Совершенно неудивительно также, что в александровскую Комиссию Радищев пришел с теми же идеями, с которыми написал “Путешествие…” и поехал в ссылку. Думаю, что в ссылке они, наоборот, еще более укрепились (“Душа моя во мне, я тот же, что я был”. — 1791 г). Идеи-то были просты, для их постижения не требовалось даже особенно глубокого ума, ни, тем паче, основательного знания юриспруденции — достаточно было естественных движений чувствительного сердца. Радищев полагал, что крепостные господские крестьяне должны быть освобождены (а тем самым прекратилась бы и их продажа, столь душераздирающе описанная в гл. “Медное”), сословные привилегии уничтожены, отменены телесные наказания, запрещены допросы с пристрастием, введена полная свобода совести, свобода книгопечатания и проч. Короче, хотелось ему, чтобы в России осуществилось все то, чем она, бедная, и сейчас, по прошествии 200 лет и многих “реформ” и революций, не вполне похвастаться может… Или, перефразируя одного нашего современного деятеля: какое общество ни создаем — все крепостное право…

Свободного своего (тем более выстраданного, — как законно полагал он) образа мыслей Радищев нисколько не скрывал. Хотя далеко, увы, не каждый готов был с ним согласиться. В том числе и непосредственный начальник его, председатель означенной Комиссии граф П.В. Завадовский.

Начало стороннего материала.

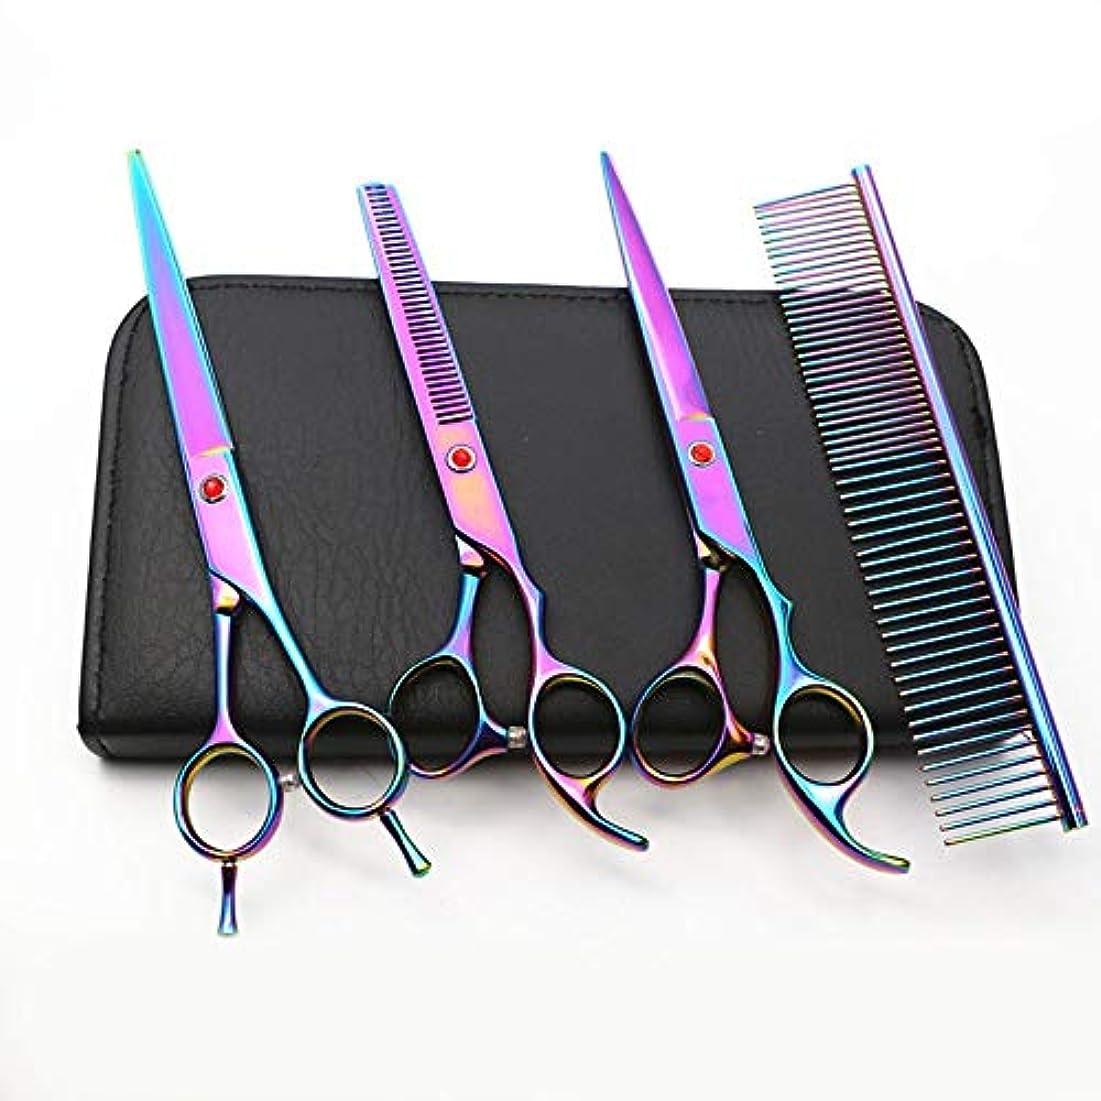 グレーからかう十分ですGoodsok-jp ハイエンドカラーペット理髪はさみ、カラフルなペット曲げはさみ5ピースセット (色 : Colors)

Сохранилось свидетельство, что сей граф как-то заметил Радищеву, что убеждения его однажды уже навлекли на него несчастие и неужели хочет он, чтобы подобная беда приключилась с ним вновь? И якобы даже присовокупил что-то насчет Сибири… К сожалению, мы не слышали этого разговора, а главное — с какою интонацией произнес гр. Завадовский свои слова: с ворчливо-добродушной, назидательно-укоряющей, начальственно-раздраженной, угрожающей и т.п. Эта реплика графа наверняка вообще растворилась бы в небытии вместе с самим Завадовским, если бы не совпало вдруг так, что вскоре после того разговора Радищев покончил с собой. Таким образом, граф сделал неоценимый подарок — как себе, на предмет увековечения своего имени, так и последующим биографам писателя, в том смысле, что очень упростил им задачу, ибо два этих факта (разговор и самоубийство) не замедлили они связать по известному еще среди дикарей принципу: после того — значит, вследствие того…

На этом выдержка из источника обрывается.